Wednesday, 16 November 2011

We are recession resistant

For some time now, India’s information technology (IT) services companies have been trying to separate revenue growth and increases in staff strength, mainly by offering intellectual property (IP)-led products and platforms, outcome-based pricing, and higher-end management consulting.

Canada’s largest IT services company, the 35-year-old CGI Group Inc., is an example of such a business model. While its revenue is comparable with, say, India’s third largest IT vendor Wipro Inc., its manpower, at 31,000, is one-fourth of Wipro’s.

Indian companies derive less than 10% of their revenue from products and platforms, while CGI boasts of a 20% share. Chief executive Michael Roach wants to take it to 40% in 5-10 years. And with a $13.5 billion order book, three times its current revenue of $4.5 billion, Roach considers his company “recession resistant”. Edited excerpts from an interview:

Give us a sense of your business model. Your practices and divisions are similar to Indian IT vendors, but you do more government work.

Government (work) is 36% of our revenues, financial services 30%, telecom 15%, and manufacturing and retail the rest. As for offerings, 60% is application development and maintenance services, 20% infrastructure services, and 20% from products and platforms.

We have a proximity model where we differentiate ourselves, with a lot of people close to the markets we serve. Fifty percent of revenues are from Canada, 45% from the US, and 5% from Europe. We offer clients a menu of choices, on-site, off-site, or in a low-cost centre within their country, or combinations of that. Ninety-five percent of our projects are delivered on time and on budget; 97% of our employees in India own CGI stock. Companywide, it is 90%. It is a profit-participation model. I always say, no one washes a rental car.

But your margins are not very high, with operating margins at around 13%?

Our margins are the best in North America and Europe, and have been so for four years. We have a lot of intellectual property, which we leverage. Twenty percent of our revenues come from solutions which we sell as a service. We don’t have a relationship with people and revenue. Over time, the revenue goes up, but the people rate does not go up. In India, we are growing at 30% though.

Clients do not want to buy inputs—people. We take on a whole function, reduce price, and take the full risk on delivery. Clients don’t know how many bodies we have and they don’t care. And IP is now a part of this. We have been doing this for the last 20 years. Sixty-eight percent of our revenue is recurring.
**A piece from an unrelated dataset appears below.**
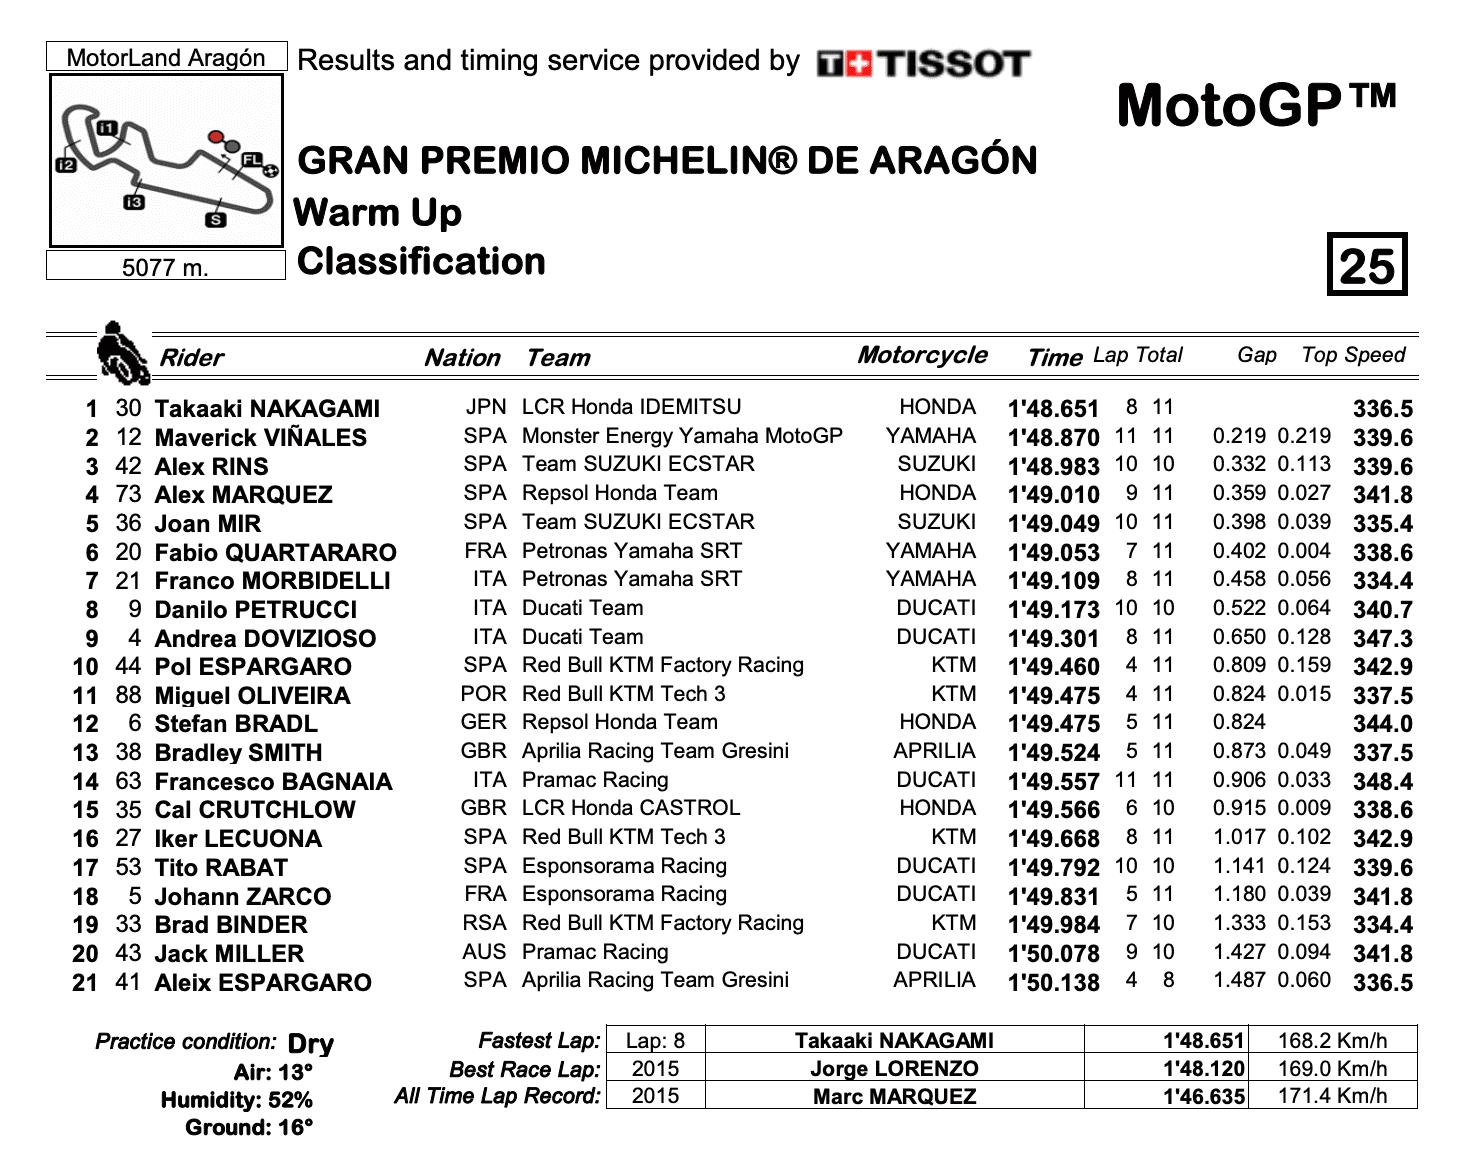 MotoGP2020アラゴンGP WUP結果

In the worst days of the financial meltdown, when stocks went down 40%, we went down 20%. When it went up 20%, we went up 60%. Our stock valuation is bigger than some companies three times our size in revenue. We have a signed backlog of $13.5 billion of total contract value. And the average age is 6.5 years. Even if there is another downturn, we have that floor. We are recession resistant. And I want to take my product and platform solutions to 40% of revenues in a 5-10-year timeframe.

Apart from India, do you have low-cost centres within your markets?

Yes, in Canada, US, Spain and Poland. In the US, we opened one in rural Virginia with 400 people. US President Barack Obama appreciated that. This will grow, given the political pressure (against jobs being outsourced) to balance things. But again, the component of India is a differentiator; without it you are not necessarily going to be competitive. We will be competitive for government work, as that does not move offshore. But for enterprises, looking for better price, quality and risk. India is important. Here we have about 4,000 people, with capacity for another 1,500. And I want to have the lowest turnover rate. We have 12% attrition in comparison to 20%-plus in the industry here. And we want to keep working that down. If the turnover is 20%, clients are thinking, “one in five people working on my project may not be there soon”. That is very worrisome for clients.